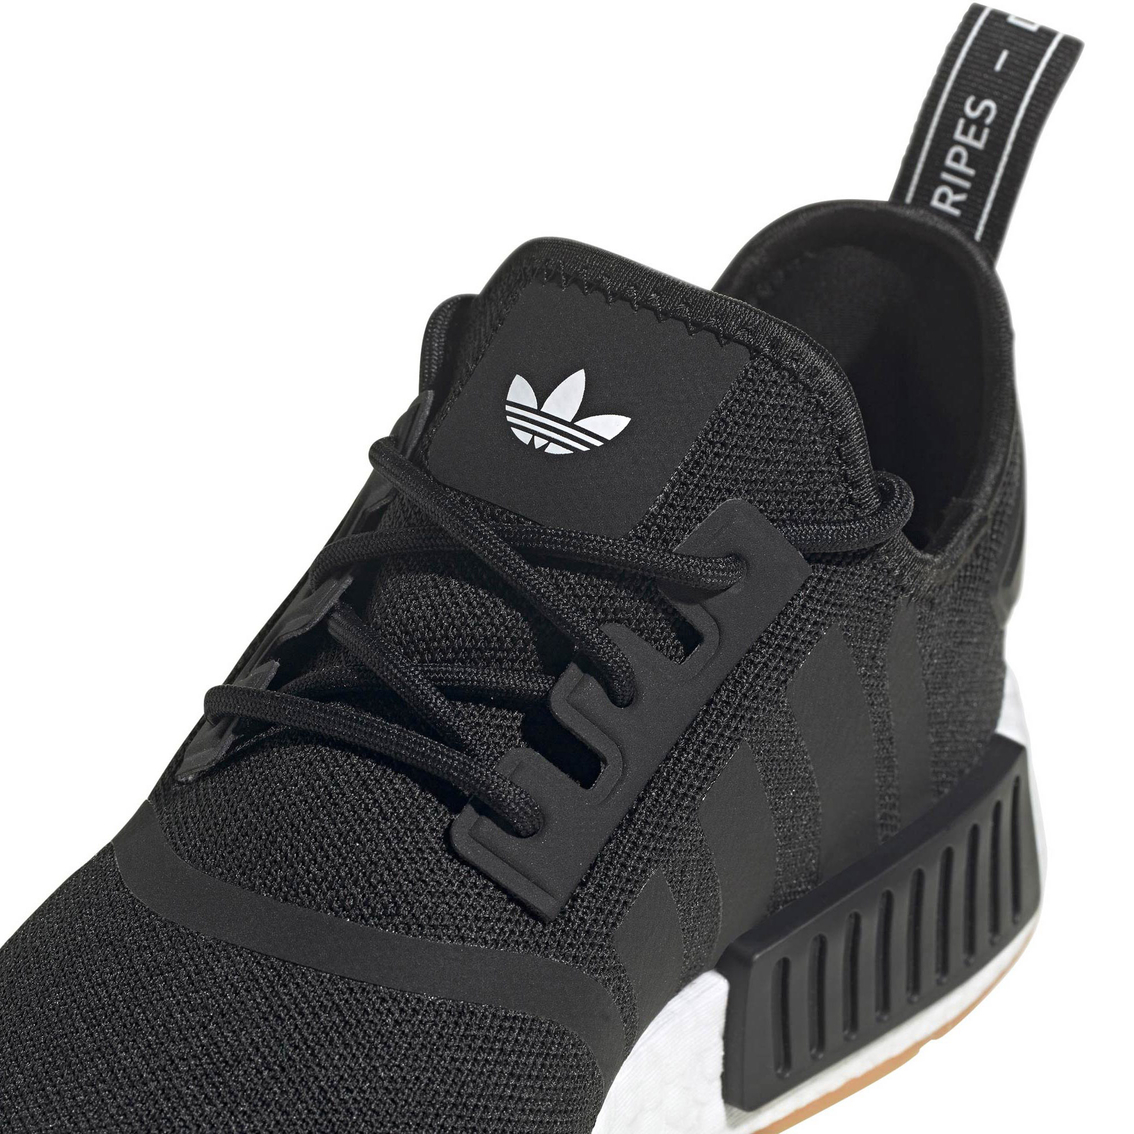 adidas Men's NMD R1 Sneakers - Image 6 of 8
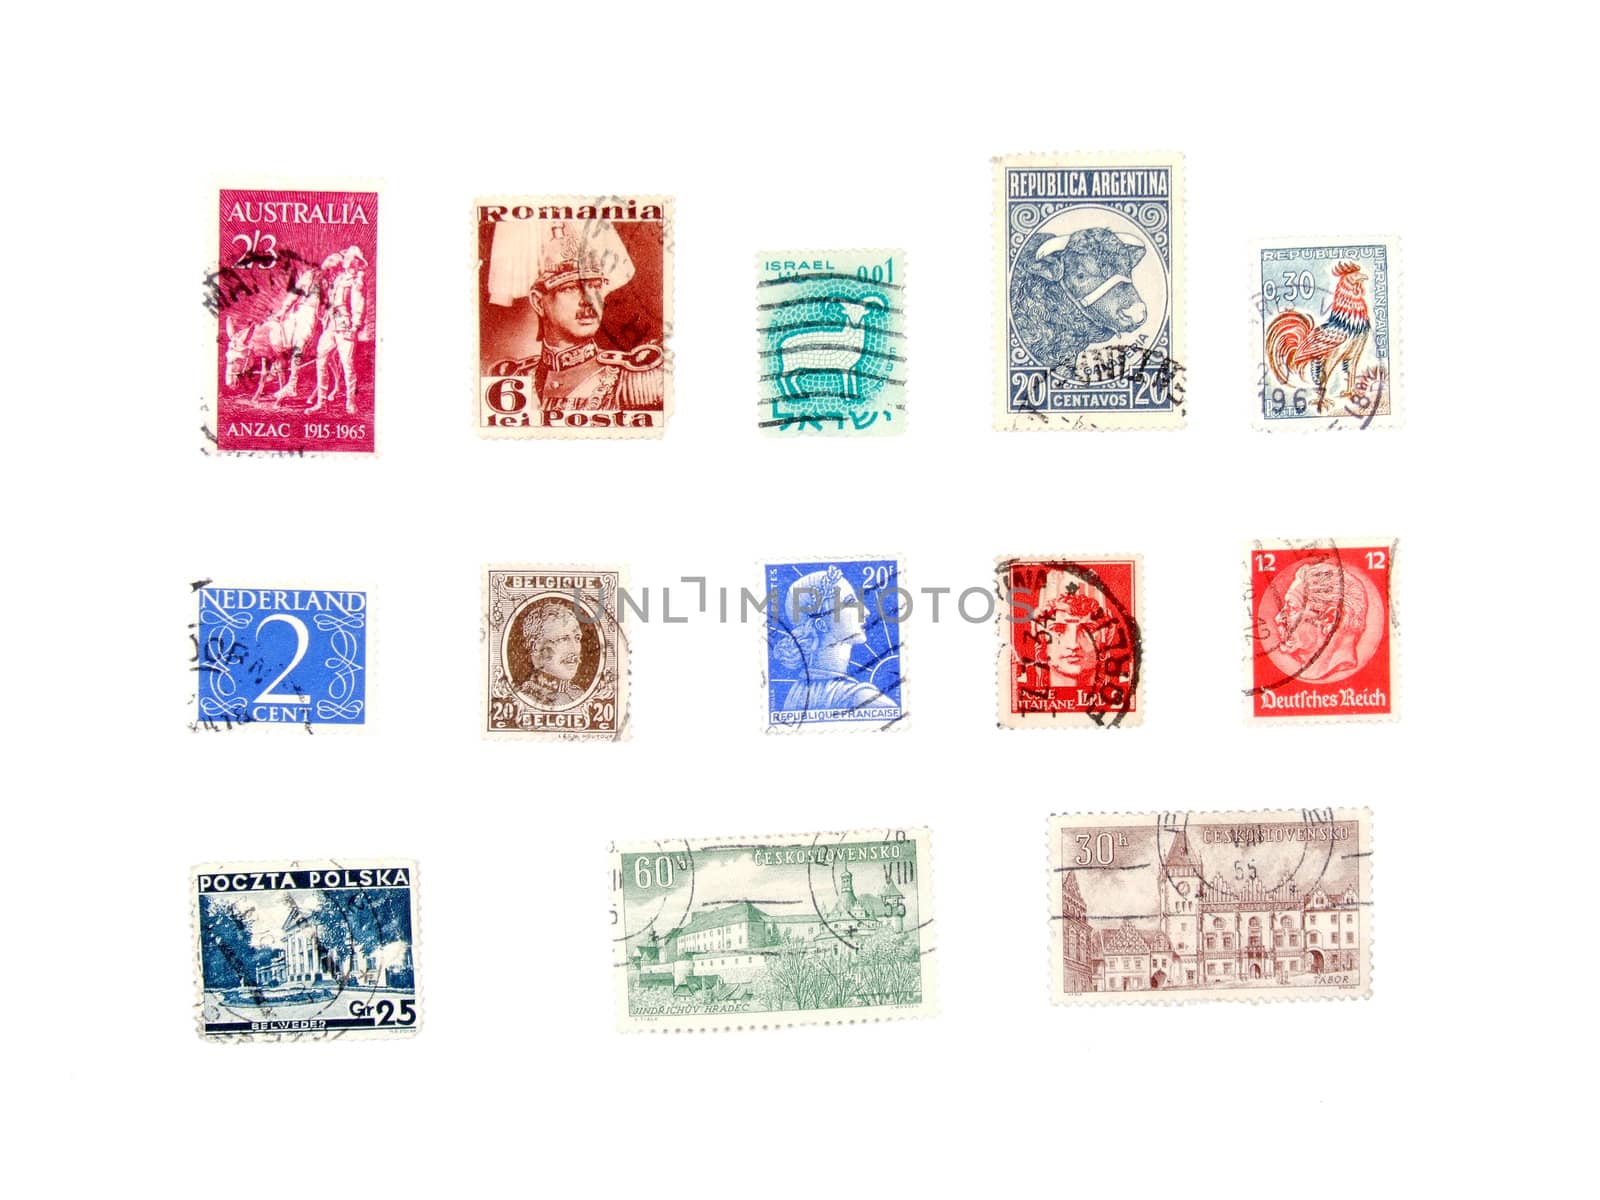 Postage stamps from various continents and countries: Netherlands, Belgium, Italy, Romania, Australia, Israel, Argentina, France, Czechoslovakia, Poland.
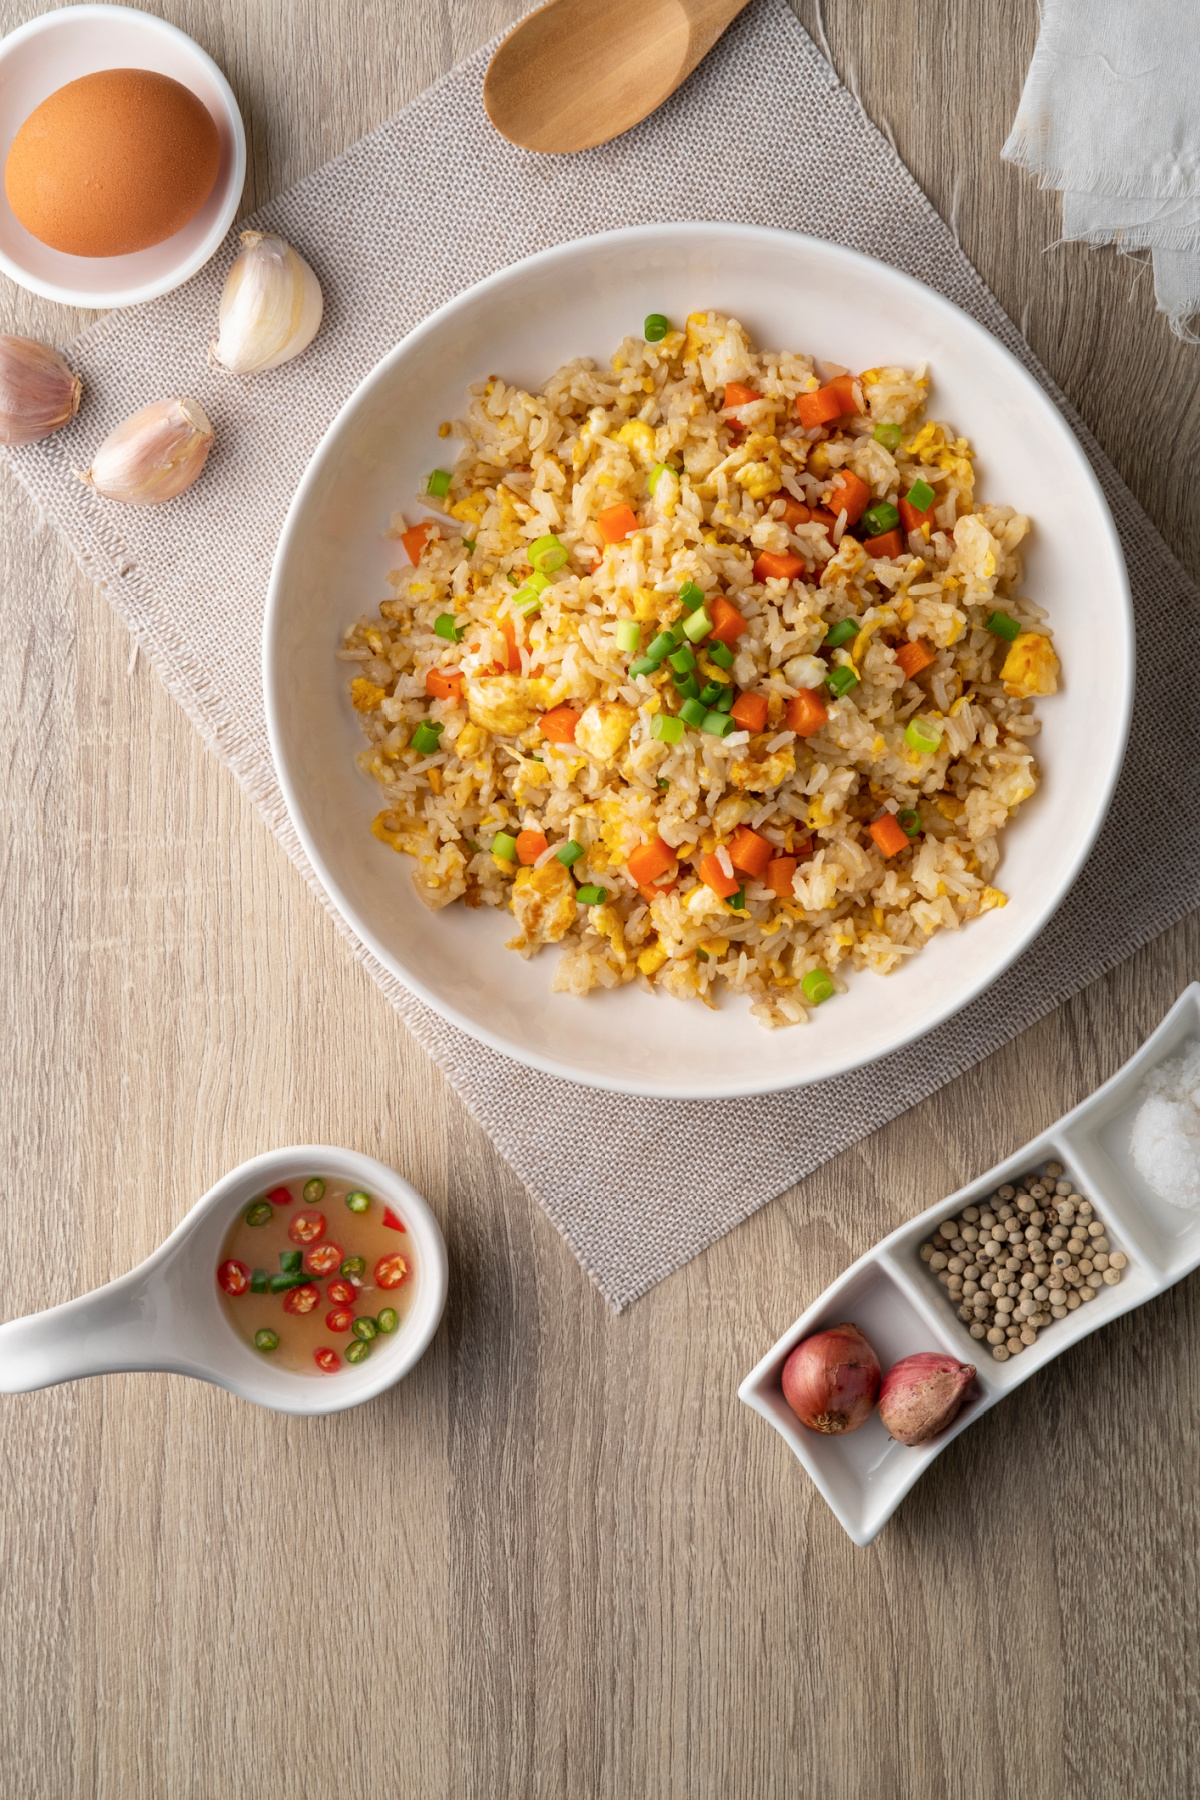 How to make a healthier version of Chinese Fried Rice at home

== WHAT TO DO ==
Repeat the data above exactly; images are not part of the copy.

== RESULT ==
 adidas Men's NMD R1 Sneakers - Image 6 of 8
 Postage stamps from various continents and countries: Netherlands, Belgium, Italy, Romania, Australia, Israel, Argentina, France, Czechoslovakia, Poland.
 How to make a healthier version of Chinese Fried Rice at home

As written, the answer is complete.